New nurse, cervical checks, HELP

Specialties Ob/Gyn

Published

I've been a nurse for nearly 9 years and I just recently moved to L&D 3 months ago. I have never felt 100% comfortable with my cervical exams, but I started feeling more confident and then I had a baby super low station, who I thought was 4 cm dilated and 50% effaced. The doctor was pissed the next morning and said she cervix was high and 1.5cm. It didn't help that the MD hsd stripped membranes eariler that day, i suplose. Low station, but high cervix, how is this possible and how do you know??? I can't stand another embarrassment with an MD. Help! I just want to be the best I can be!

If you are not for aure, just have someone check behind you!

Specializes in Birth center, LDRP, L&D, PP, nursing education.

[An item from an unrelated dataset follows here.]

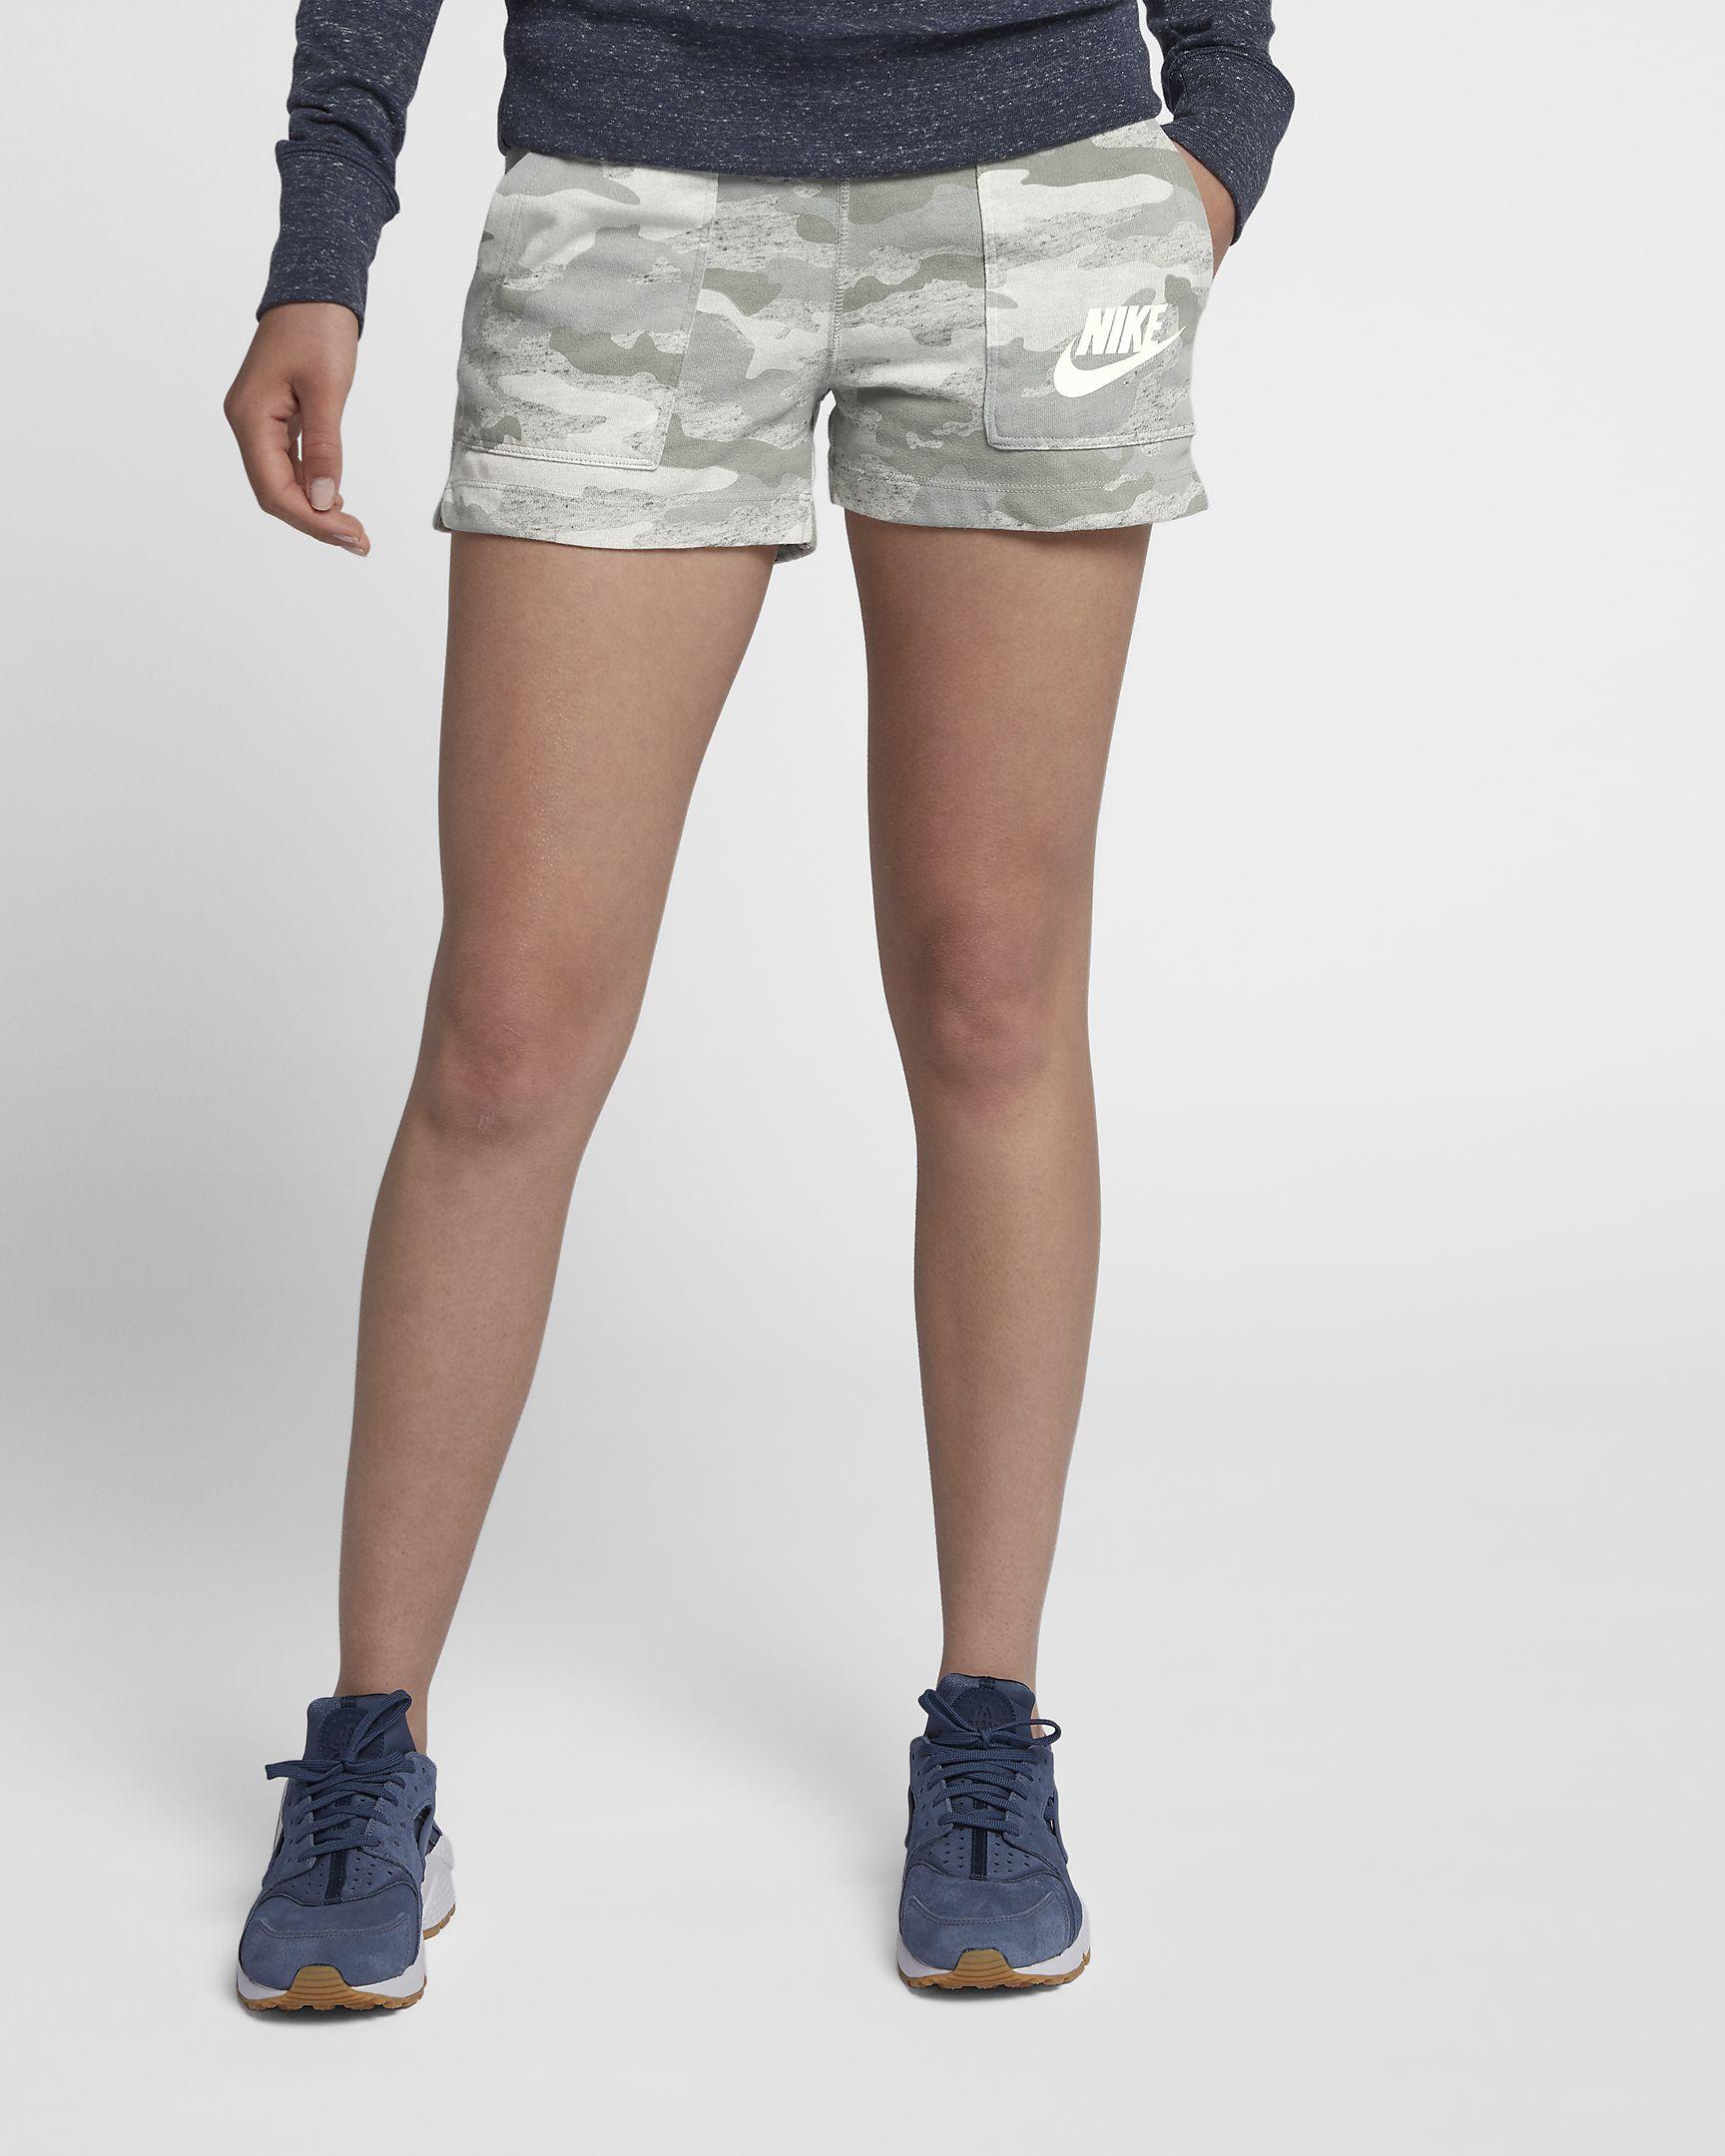 d05077c79071bd Nike Damen Camo Sport Freizeit Fitness Shorts Gym Vintage kurze Hose ...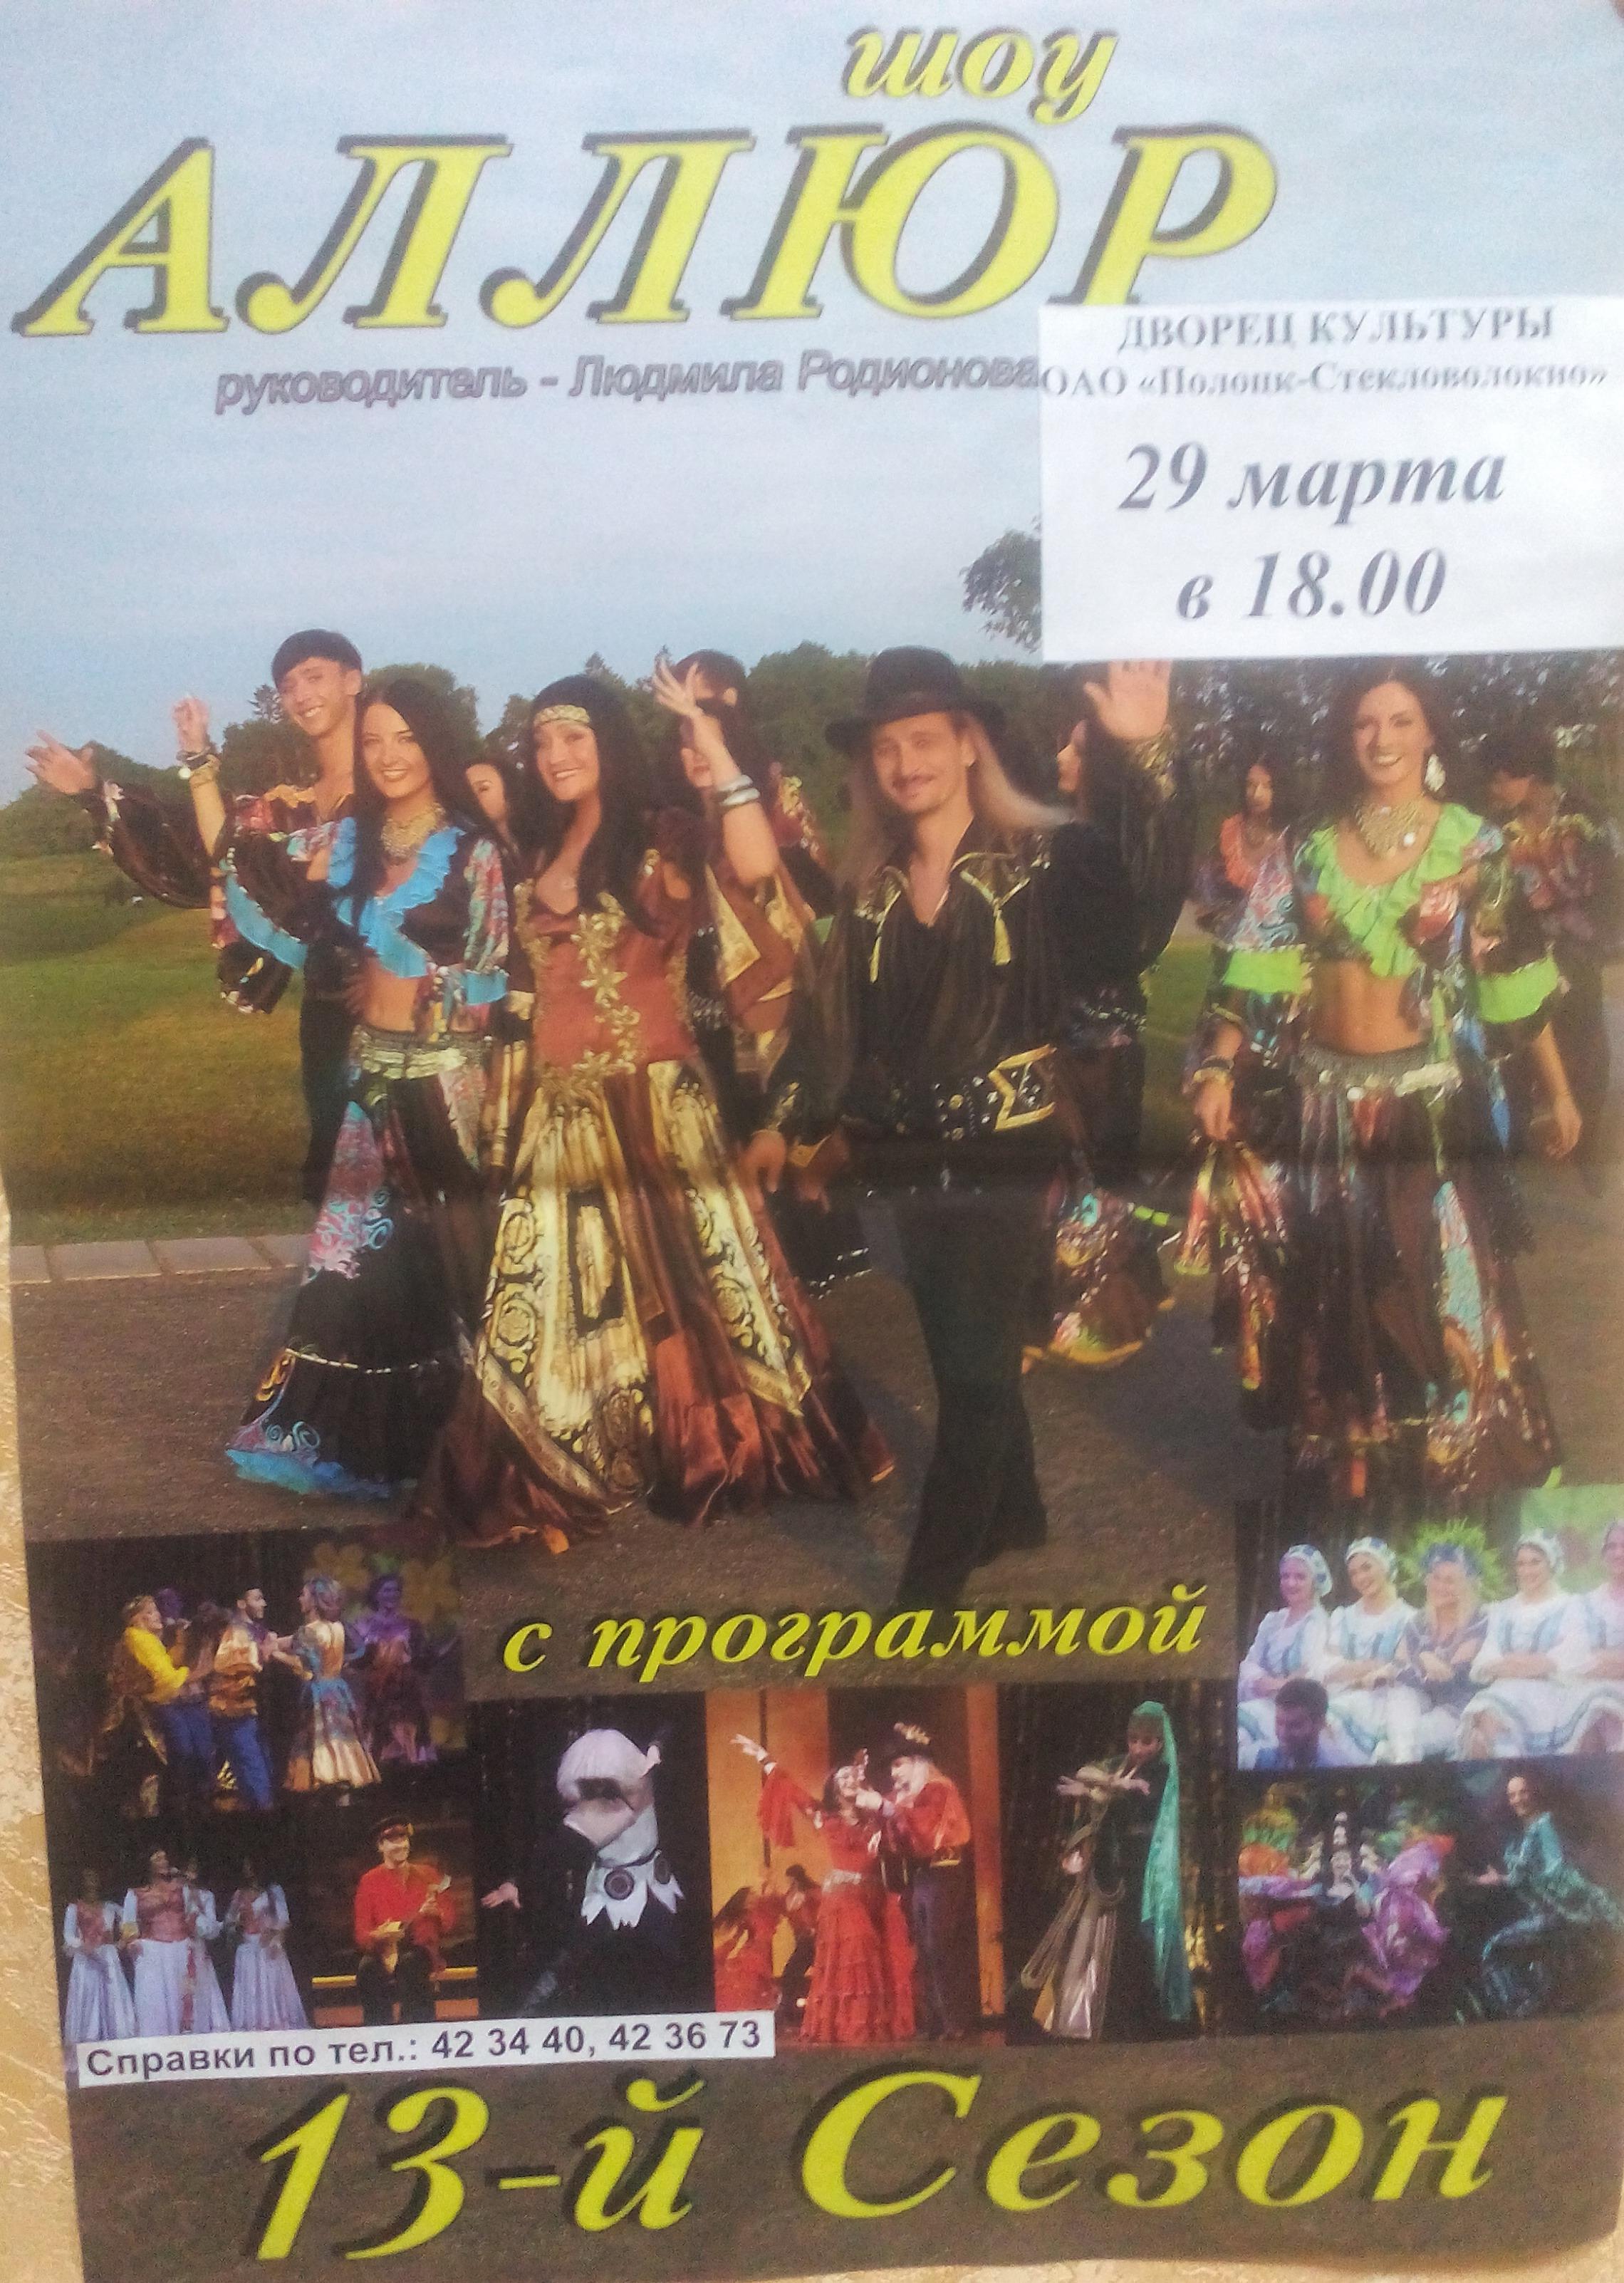 29 марта цыганское шоу «Аллюр» представит новую программу «13 сезон» в Полоцке!

This articleis awesome: The Elusive Cervix: Tips for Performing a lady partsl Exam – Rockford Midwifery

If baby is high, its not a low cervix. What did you feel that you thought was 4? Maybe we can help!

I agree!

Specializes in OB.

The head can be sitting in front of the cervix so it can seem to be low. I hope that makes sense. I am a new grad and just got 20 weeks of training in L and D. I have been on my own for a month now and I completely understand the mystery of the cervix. I dont hesitate to ask someone to check behind me if I am not sure.

Specializes in LDRP; antepartum.

Baby can be sitting low in the pelvis but the cervix can still be "high." If you're not absolutely positive, it may not be a bad idea to check if the cervix is posterior. I know OB nurses with 10 years experience who will still have another nurse verify their check if they're not certain. Don't feel bad.